From mboxrd@z Thu Jan  1 00:00:00 1970
Return-Path: <musl-return-20413-ml=inbox.vuxu.org@lists.openwall.com>
X-Spam-Checker-Version: SpamAssassin 3.4.4 (2020-01-24) on inbox.vuxu.org
X-Spam-Level: 
X-Spam-Status: No, score=-3.1 required=5.0 tests=HEADER_FROM_DIFFERENT_DOMAINS,
	MAILING_LIST_MULTI,RCVD_IN_DNSWL_MED,T_SCC_BODY_TEXT_LINE
	autolearn=ham autolearn_force=no version=3.4.4
Received: from second.openwall.net (second.openwall.net [193.110.157.125])
	by inbox.vuxu.org (Postfix) with SMTP id 31B0B214E5
	for <ml@inbox.vuxu.org>; Sun, 18 Feb 2024 21:33:03 +0100 (CET)
Received: (qmail 9715 invoked by uid 550); 18 Feb 2024 20:29:48 -0000
Mailing-List: contact musl-help@lists.openwall.com; run by ezmlm
Precedence: bulk
List-Post: <mailto:musl@lists.openwall.com>
List-Help: <mailto:musl-help@lists.openwall.com>
List-Unsubscribe: <mailto:musl-unsubscribe@lists.openwall.com>
List-Subscribe: <mailto:musl-subscribe@lists.openwall.com>
List-ID: <musl.lists.openwall.com>
Reply-To: musl@lists.openwall.com
Received: (qmail 9683 invoked from network); 18 Feb 2024 20:29:48 -0000
Date: Sun, 18 Feb 2024 15:33:06 -0500
From: Rich Felker <dalias@libc.org>
To: Valery Ushakov <uwe@stderr.spb.ru>
Cc: musl@lists.openwall.com, toybox <toybox@lists.landley.net>
Message-ID: <20240218203306.GM4163@brightrain.aerifal.cx>
References: <349f4e17-8027-c521-eeb3-aa69e8f2b5a4@landley.net>
 <ZdEo_58yYjO6wl8y@snips.stderr.spb.ru>
 <20240218013428.GJ4163@brightrain.aerifal.cx>
 <20240218014049.GK4163@brightrain.aerifal.cx>
 <ZdH-SF2_dzVR4hJe@snips.stderr.spb.ru>
 <20240218143312.GL4163@brightrain.aerifal.cx>
 <ZdIdBj000y2-RpOS@snips.stderr.spb.ru>
MIME-Version: 1.0
Content-Type: text/plain; charset=us-ascii
Content-Disposition: inline
In-Reply-To: <ZdIdBj000y2-RpOS@snips.stderr.spb.ru>
User-Agent: Mutt/1.5.21 (2010-09-15)
Subject: Re: [musl] Re: Not sure how to debug this one.

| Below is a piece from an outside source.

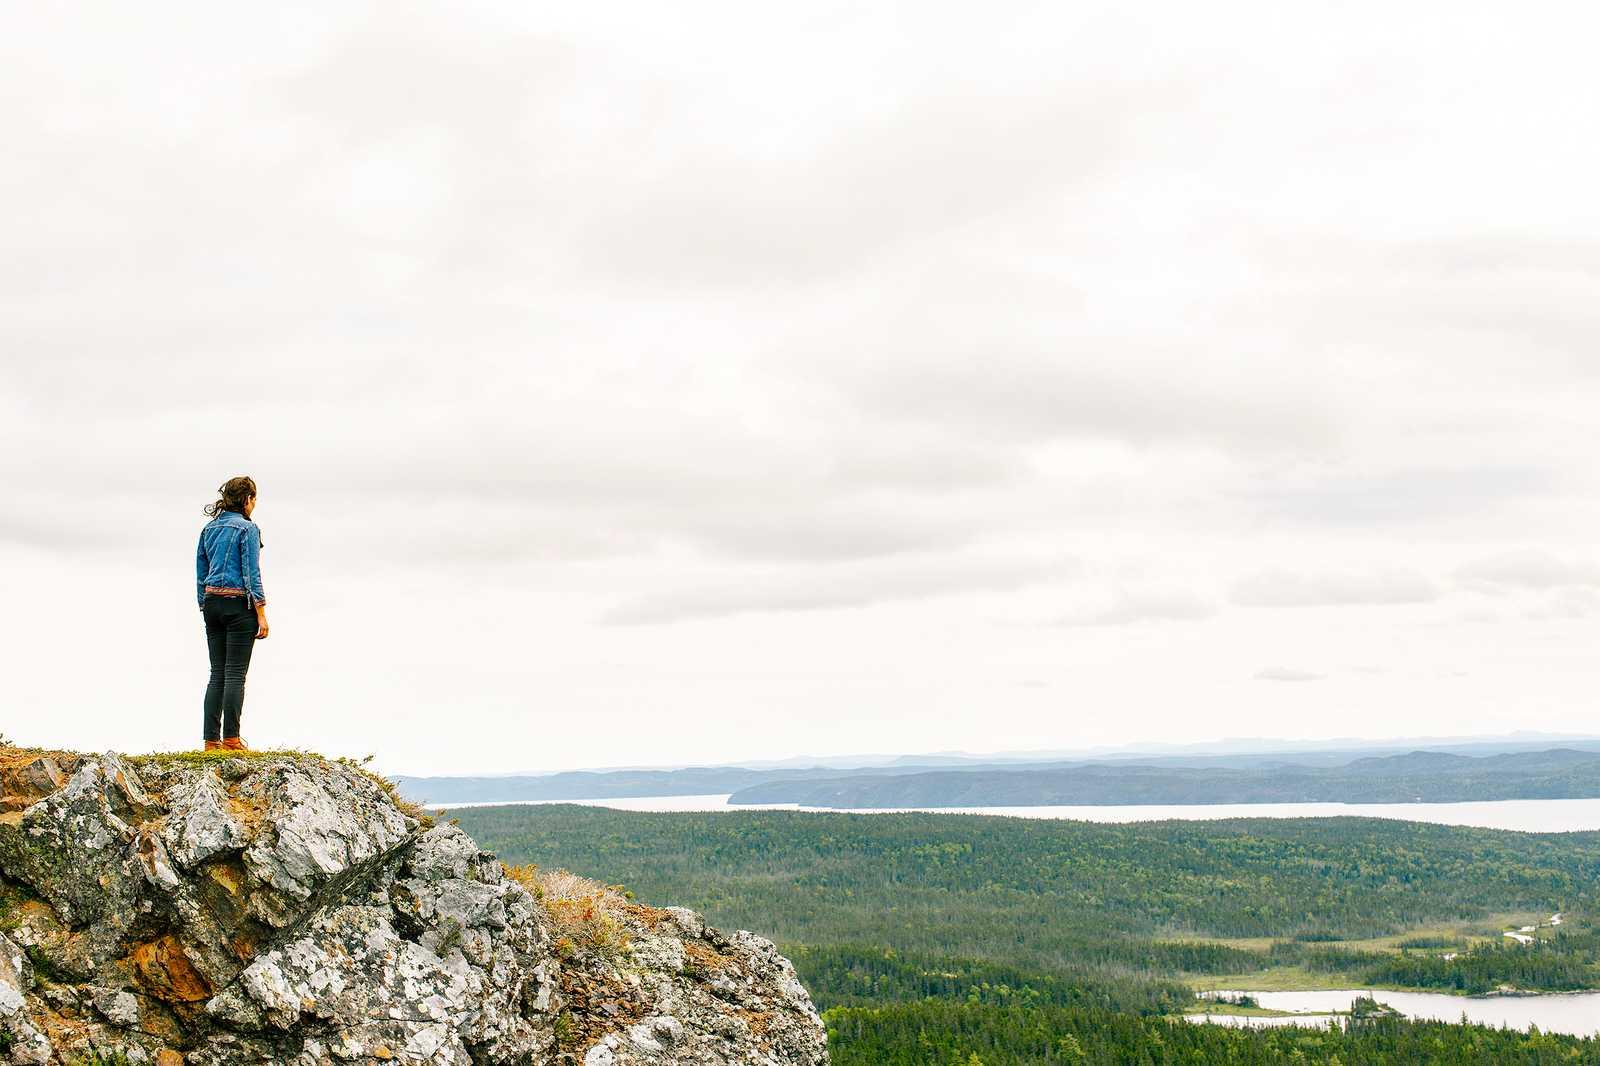 Ausblick auf die Weite des Terra Nova National Park

On Sun, Feb 18, 2024 at 06:06:46PM +0300, Valery Ushakov wrote:
> On Sun, Feb 18, 2024 at 09:33:13 -0500, Rich Felker wrote:
> 
> > On Sun, Feb 18, 2024 at 03:55:36PM +0300, Valery Ushakov wrote:
> > > On Sat, Feb 17, 2024 at 20:40:50 -0500, Rich Felker wrote:
> > > 
> > > > due to incorrect base address register when attempting to reload the
> > > > saved value of r8, the caller's value of r8 was not preserved.
> > > > ---
> > > >  src/signal/sh/sigsetjmp.s | 2 +-
> > > >  1 file changed, 1 insertion(+), 1 deletion(-)
> > > > 
> > > > diff --git a/src/signal/sh/sigsetjmp.s b/src/signal/sh/sigsetjmp.s
> > > > index 1e2270be..f0f604e2 100644
> > > > --- a/src/signal/sh/sigsetjmp.s
> > > > +++ b/src/signal/sh/sigsetjmp.s
> > > > @@ -27,7 +27,7 @@ __sigsetjmp:
> > > >  
> > > >  	mov.l 3f, r0
> > > >  4:	braf r0
> > > > -	 mov.l @(4+8,r4), r8
> > > > +	 mov.l @(4+8,r6), r8
> > > >  
> > > >  9:	mov.l 5f, r0
> > > >  6:	braf r0
> > > 
> > > That takes care of restoring caller's r8 for the first return from
> > > sigsetjmp, but isn't there still the problem that the jump buffer
> > > contains the wrong one, so on the second return from sigsetjmp the
> > > caller will have clobbered r8?
> > > 
> > > Sorry for a drive-by reply.  I'll try to take a closer look in the
> > > evening.
> > 
> > No, that's the return path for both returns.
> >
> > The whole reason a call-saved register like r8 is used here is so
> > that we can return twice into the body of sigsetjmp, in order to
> > tailcall __sigsetjmp_tail at both the first return and subsequent
> > return.
> 
> Doh, right!  Sorry.  A comment to that effect to alert the reader
> would certainly have helped :) Neat trick that I missed on the quick
> reading.

Yes. Perhaps a single comment in each asm file pointing to a common
document location (the dummy sigsetjmp.c file would be a good
candidate) would be a good approach. This could also document what
needs to be done when writing a new port.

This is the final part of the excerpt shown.